To get the installation to work, I had to do the following:

"C:\Program Files (x86)\Microsoft Visual Studio\2019\BuildTools\VC\Auxiliary\Build\vcvarsall.bat" amd64
python -m venv .\unique3d
.\unique3d\Scripts\activate.bat
pip install wheel
set DISTUTILS_USE_SDK=1
install_windows_win_py311_cu121.bat

This got the packages to setup and install correctly. I then used git with lfs to checkout the checkpoints, and after doing a git lfs pull on that, I moved the ckpt folder into the same folder as Unique3D as per the instructions.

I am then able to run the UI with python app/gradio_local.py --port 7860 from the activated virtual environment.

However, when I try and convert an image, it gets about half way, and gives me an error: 2024-06-17 13:35:55.9492693 [E:onnxruntime:Default, provider_bridge_ort.cc:1730 onnxruntime::TryGetProviderInfo_TensorRT] C:\a_work\1\s\onnxruntime\core\session\provider_bridge_ort.cc:1426 onnxruntime::ProviderLibrary::Get [ONNXRuntimeError] : 1 : FAIL : LoadLibrary failed with error 126 "" when trying to load "D:\git\Unique3D\unique3d\Lib\site-packages\onnxruntime\capi\onnxruntime_providers_tensorrt.dll"

Note that during the install I did answer Y to have it uninstall onnxruntime and install the version it wanted. However, on failing like this, it appears to fall back to CPU mode, and then takes literally forever, its giving me a 12 hour plus ETA for the demo image of baby groot.

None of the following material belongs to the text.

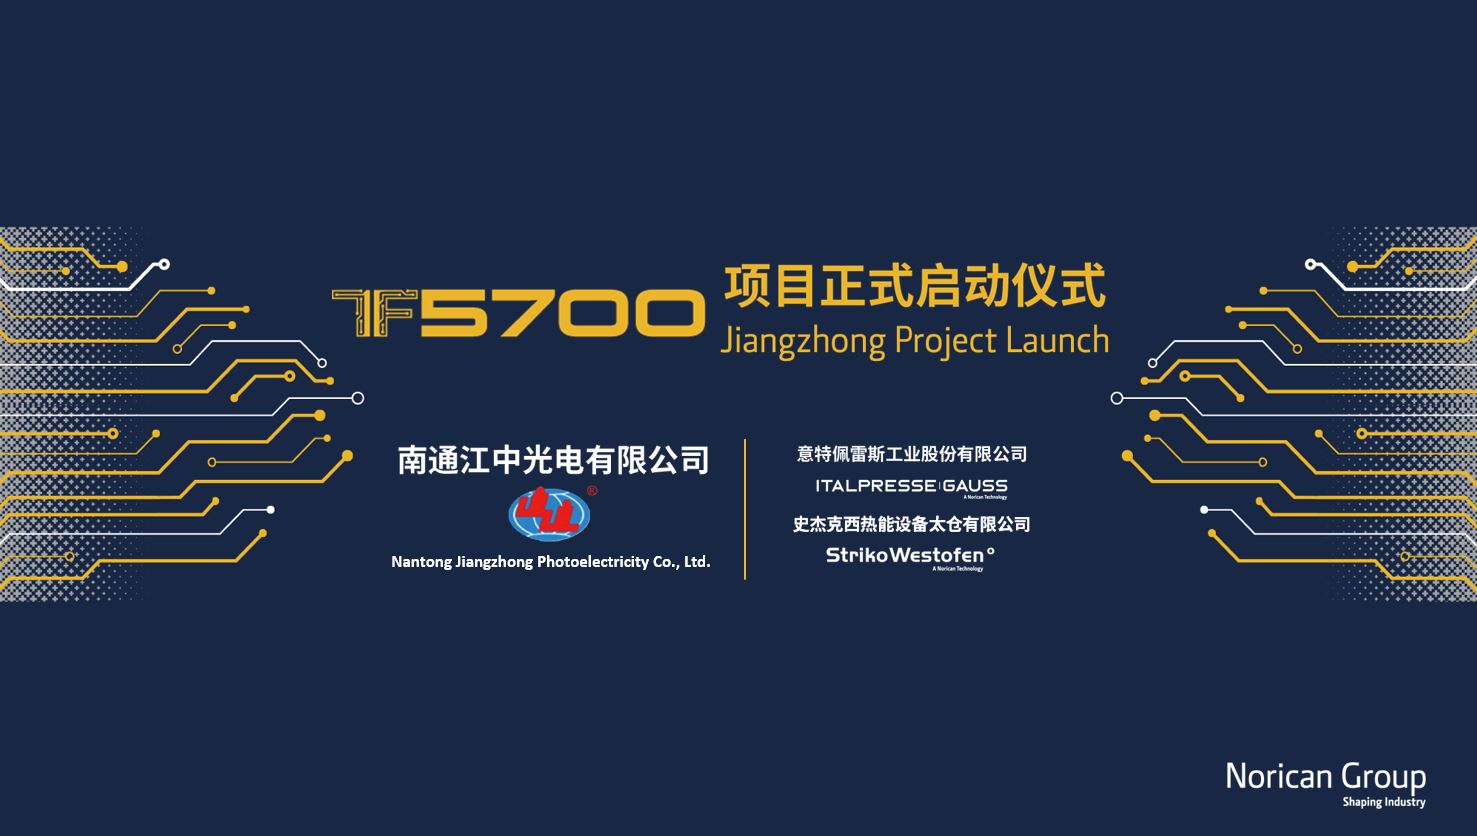 TF5700 Official launch

` (unique3d) D:\git\Unique3D>python app/gradio_local.py --port 7860 Warning: Unable to load the following plugins:

    filter_embree.dll: filter_embree.dll does not seem to be a Qt Plugin.

Cannot load library D:\git\Unique3D\unique3d\Lib\site-packages\pymeshlab\lib\plugins\filter_embree.dll: The specified module could not be found. filter_func.dll: filter_func.dll does not seem to be a Qt Plugin.

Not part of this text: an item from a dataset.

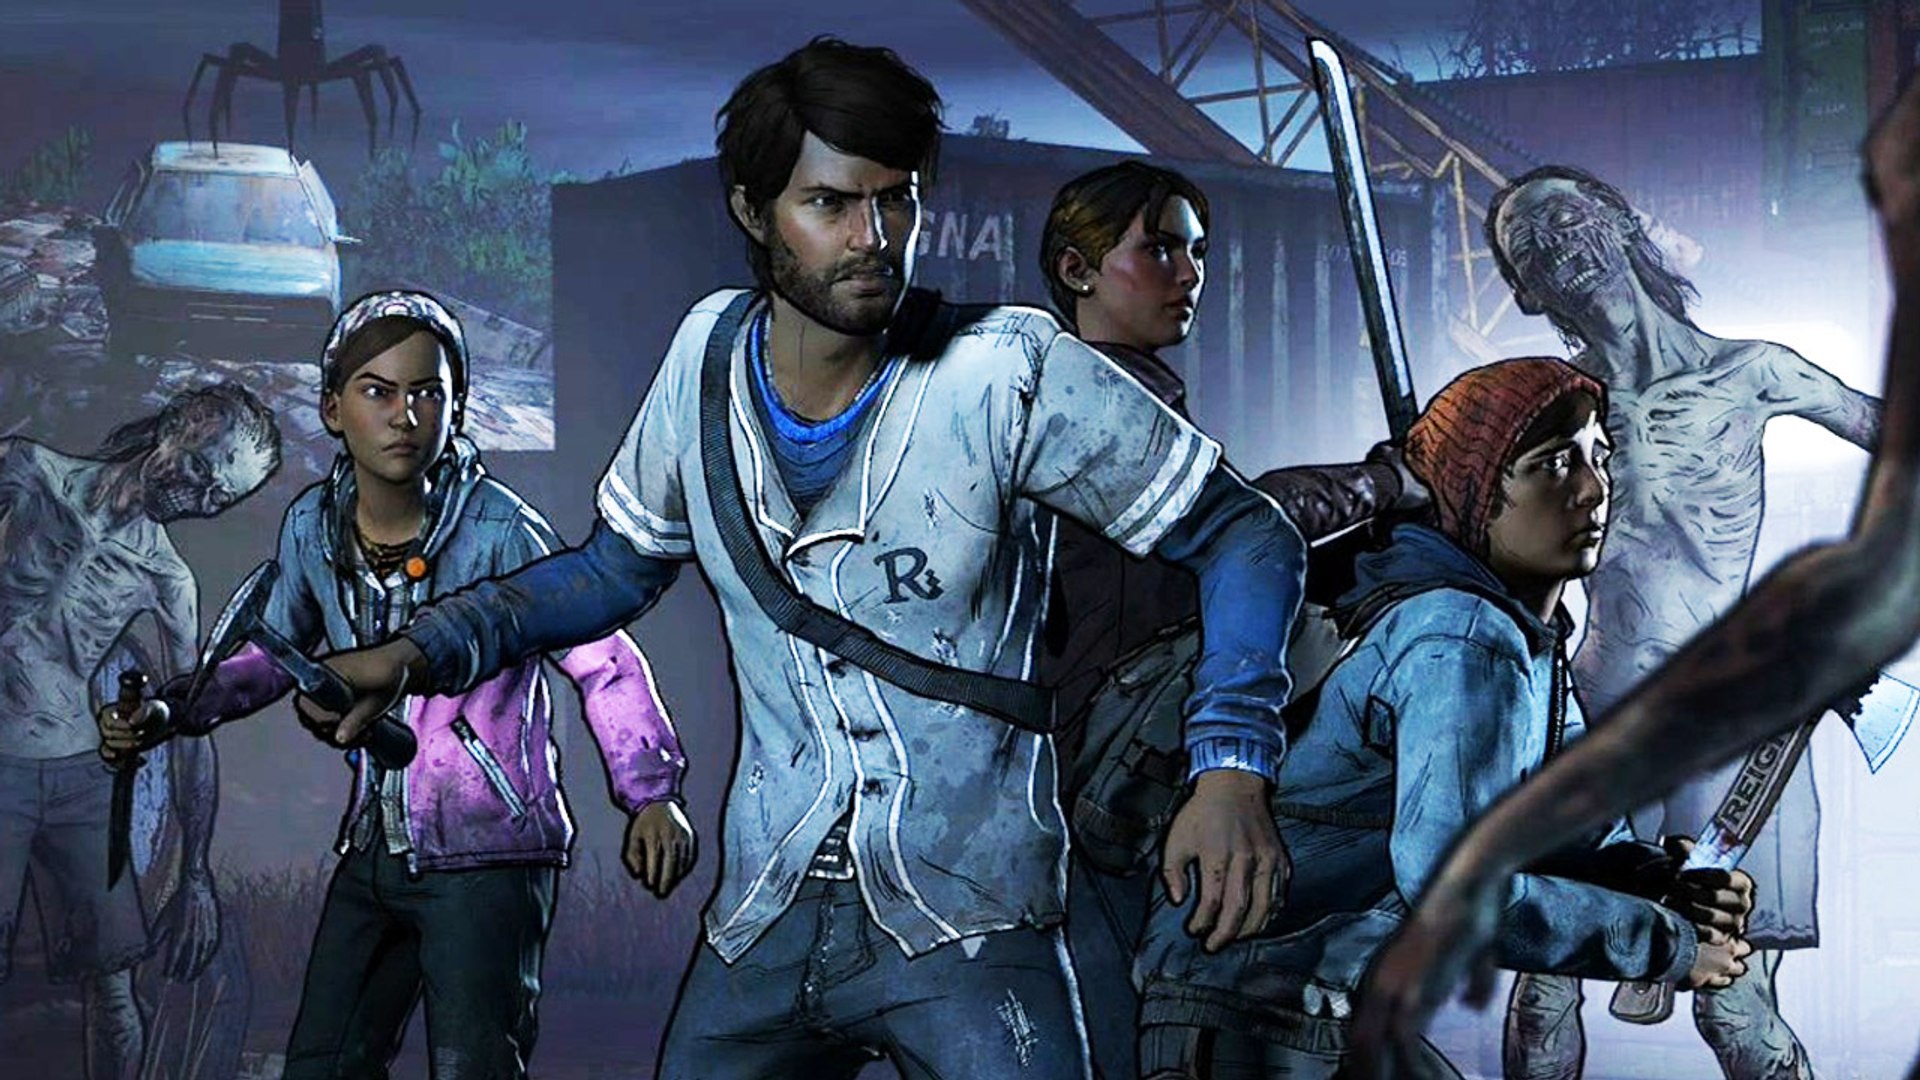 Игра dead frontier. TWD A New Frontier. The Walking Dead: a New Frontier - Episode 1. The Walking Dead Нью Фронтир. Ходячие the New Frontier.

Cannot load library D:\git\Unique3D\unique3d\Lib\site-packages\pymeshlab\lib\plugins\filter_func.dll: The specified module could not be found. filter_mesh_alpha_wrap.dll: filter_mesh_alpha_wrap.dll does not seem to be a Qt Plugin.

Cannot load library D:\git\Unique3D\unique3d\Lib\site-packages\pymeshlab\lib\plugins\filter_mesh_alpha_wrap.dll: The specified module could not be found. filter_mesh_booleans.dll: filter_mesh_booleans.dll does not seem to be a Qt Plugin.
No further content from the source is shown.